■ Exercise description
With pictures left out, output exactly the lines from the line holding "Main Image - Tory" through the end of the data, both included.

■ Information supplied
=== Section Start ===

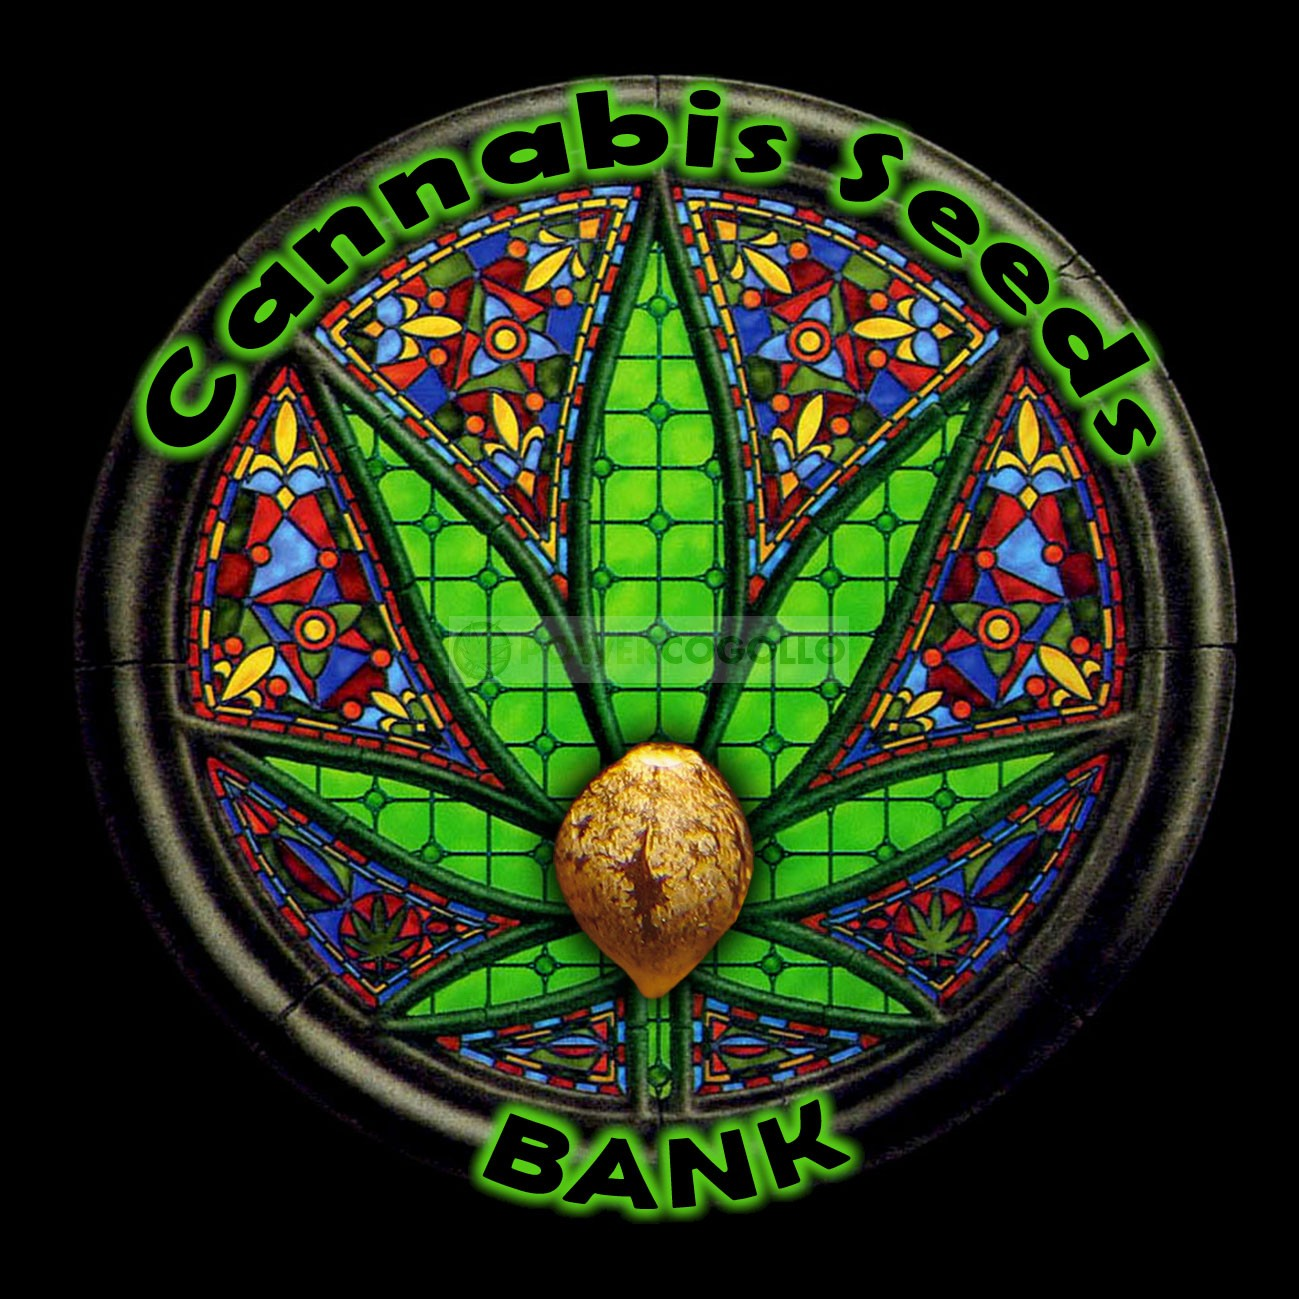 Auto Mandarina (Cannabis Seeds) Feminizada 0
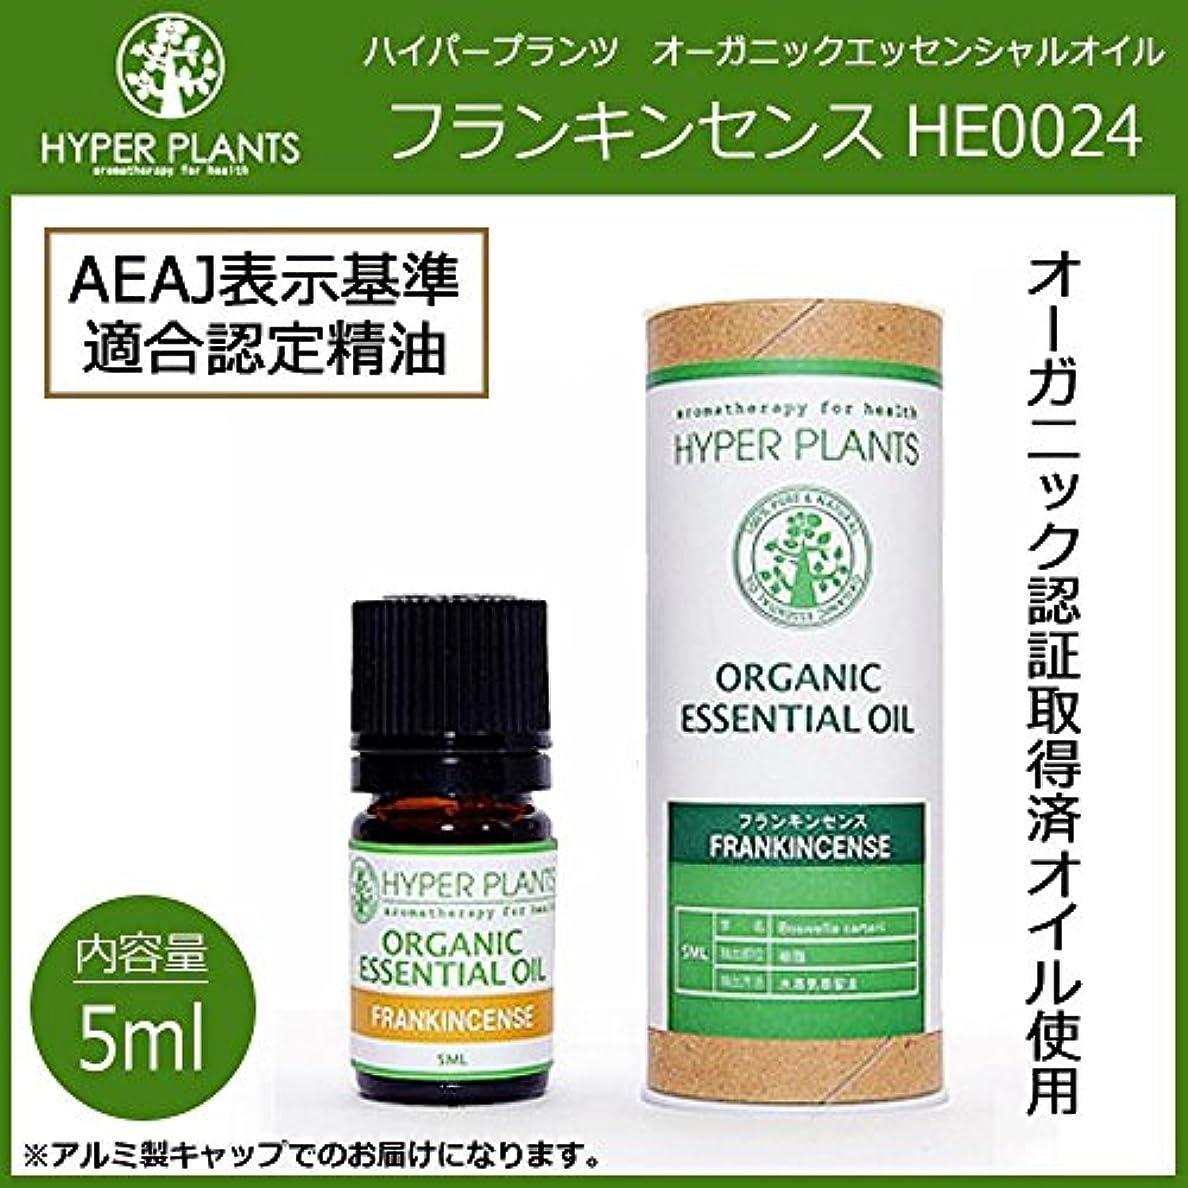 HYPER PLANTS ハイパープランツ オーガニックエッセンシャルオイル フランキンセンス 5ml HE0024
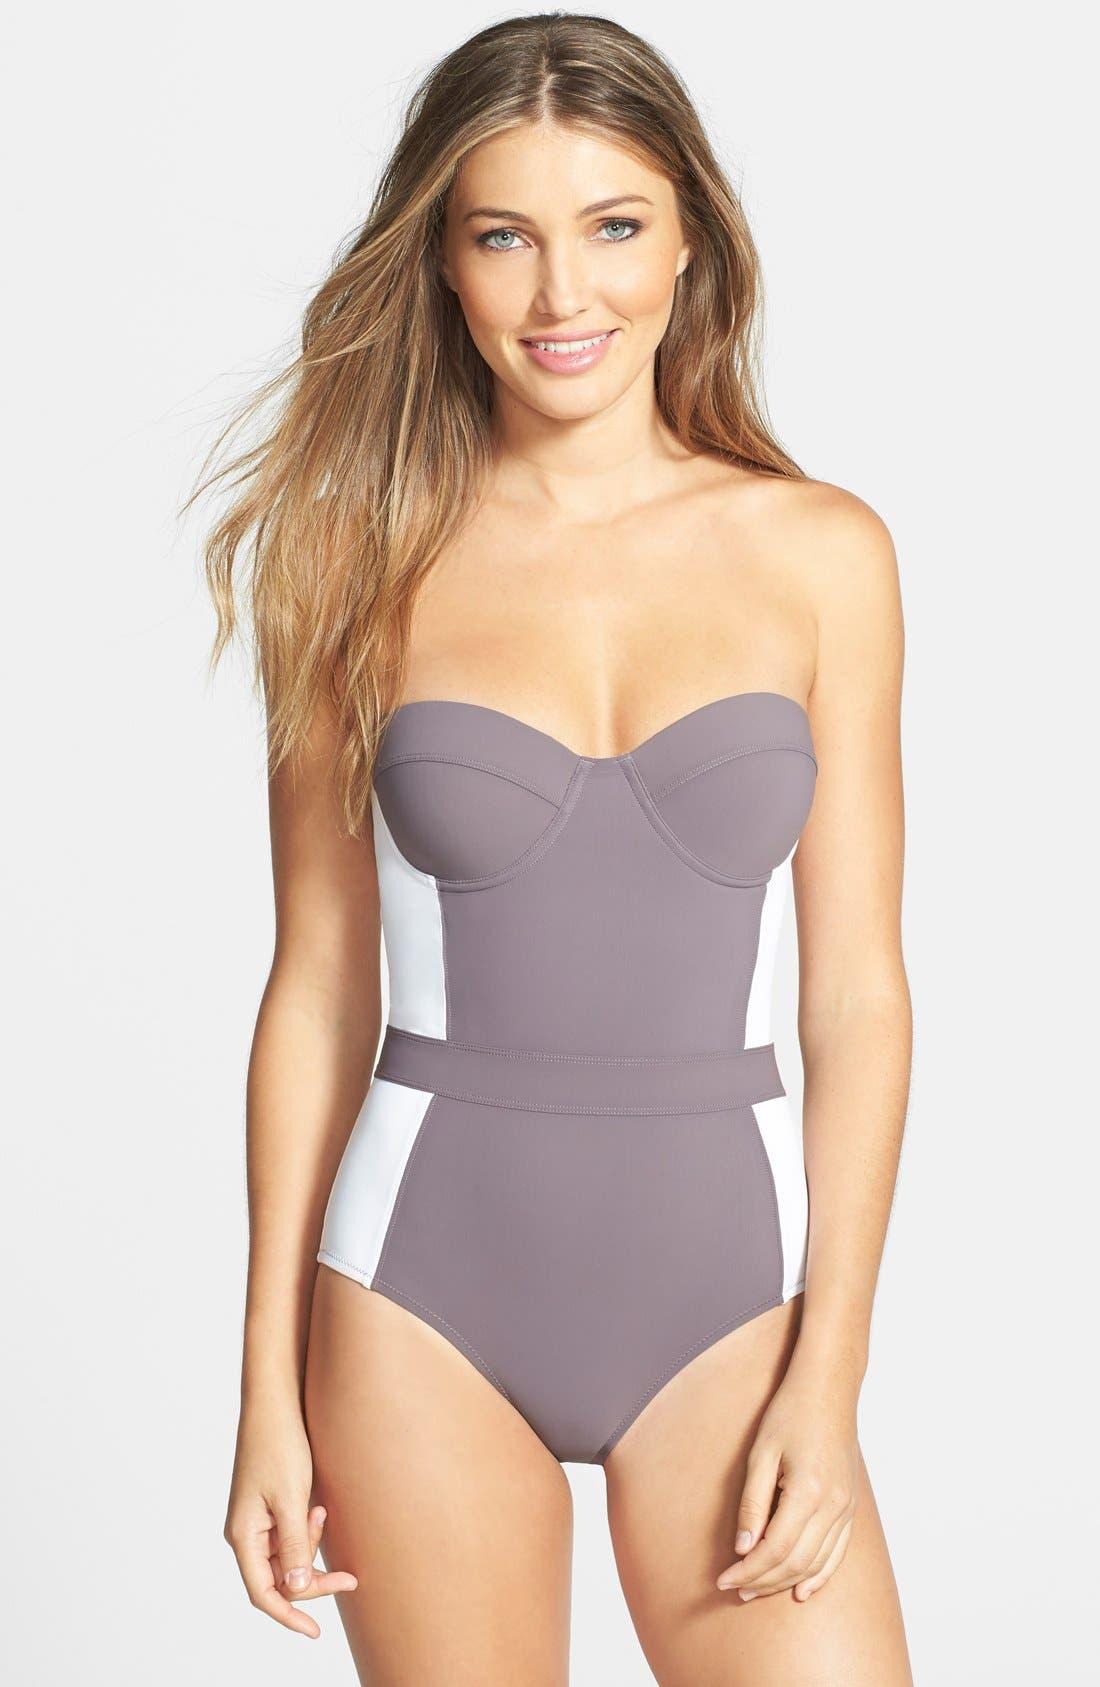 Main Image - Tory Burch 'Lipsi' Colorblock One-Piece Swimsuit
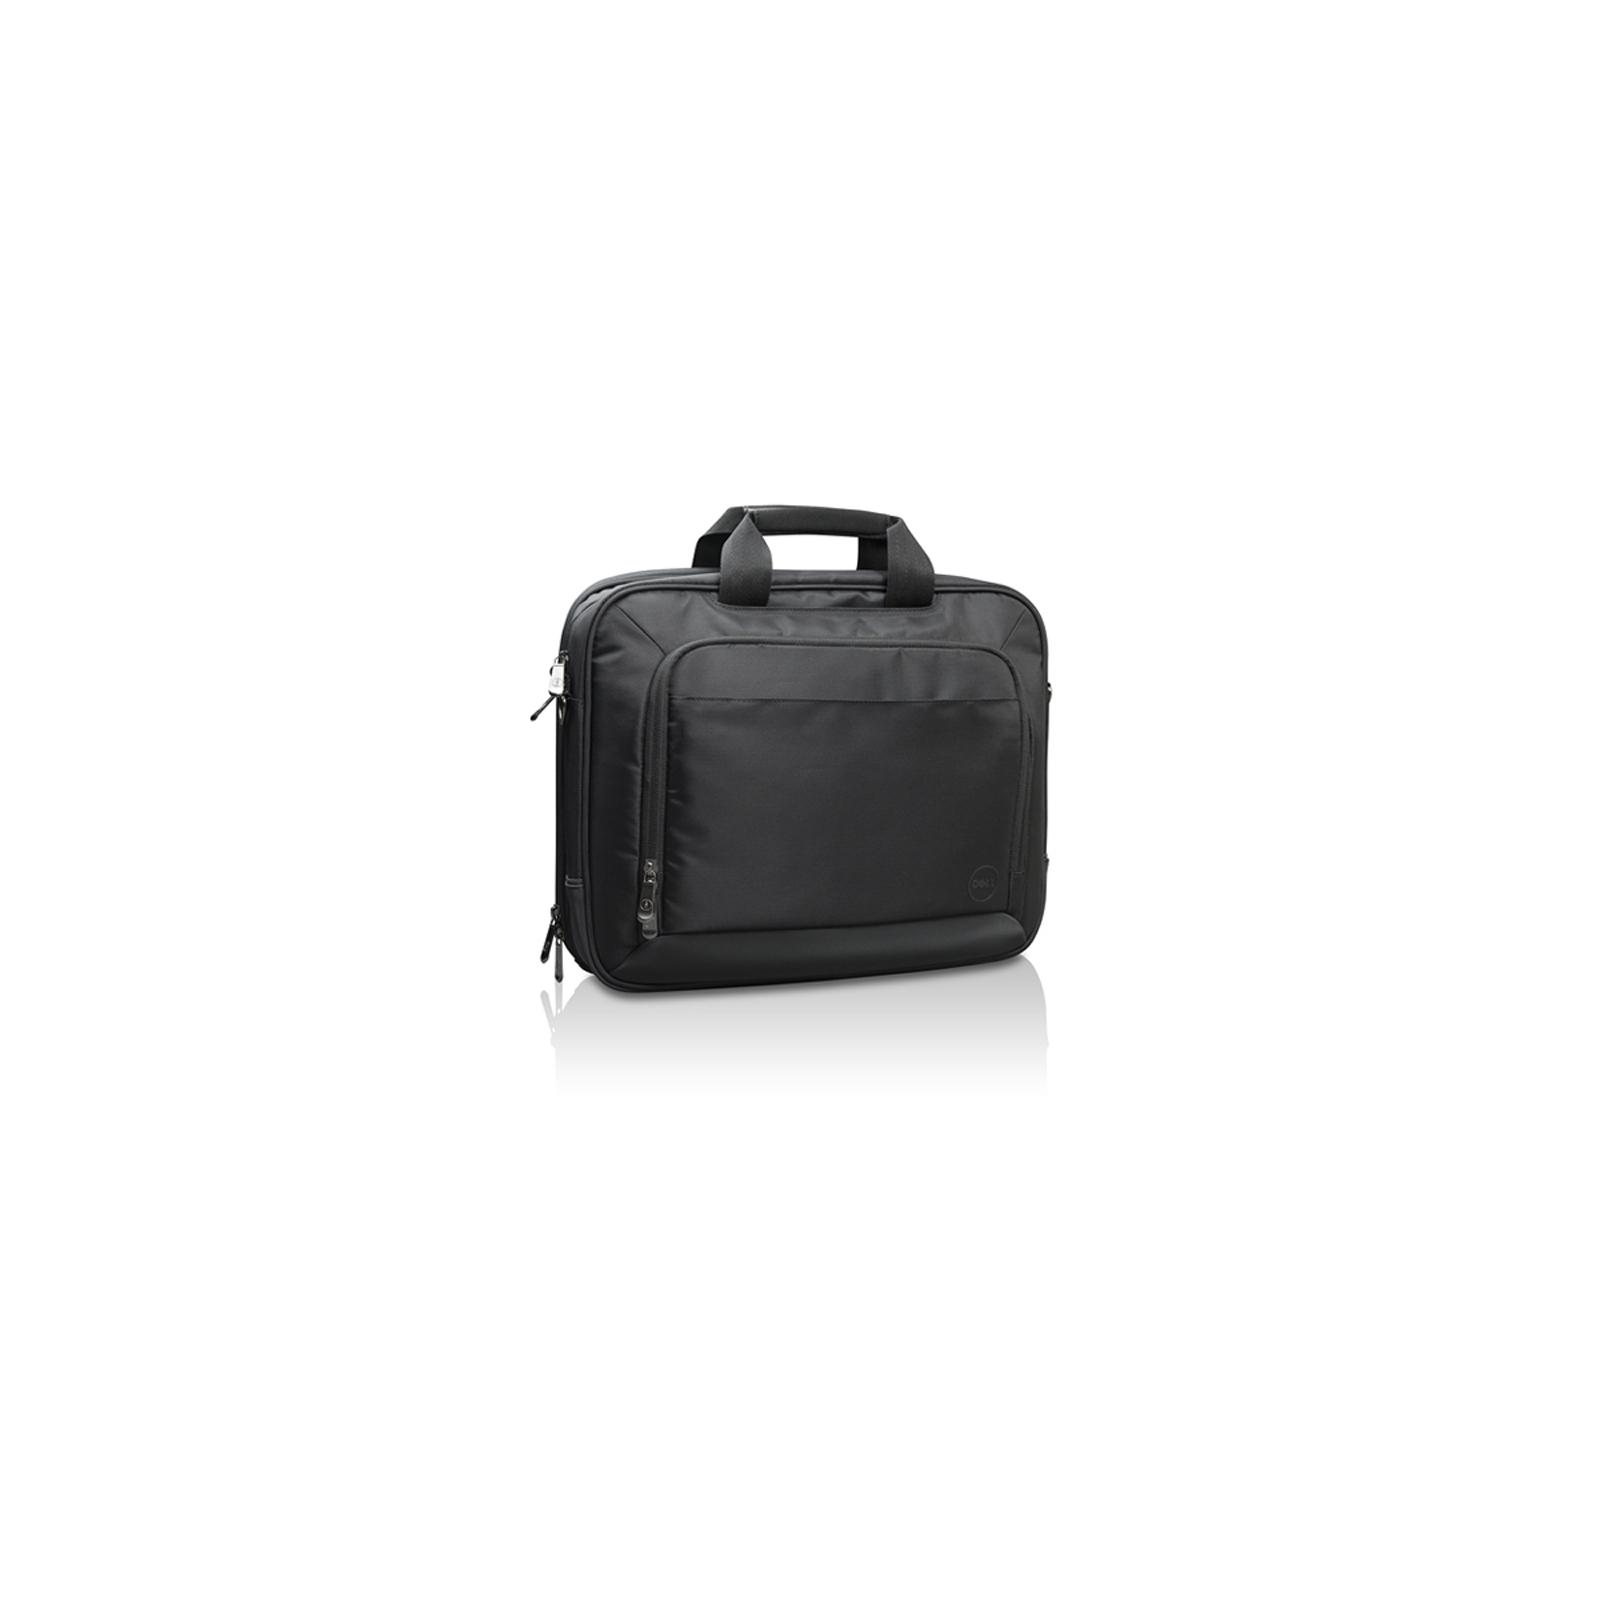 "Сумка для ноутбука Dell 15.6"" Topload (460-BBLR) изображение 2"

=== Section End ===

■ Task response
 Main Image - Tory Burch 'Lipsi' Colorblock One-Piece Swimsuit
 "Сумка для ноутбука Dell 15.6"" Topload (460-BBLR) изображение 2"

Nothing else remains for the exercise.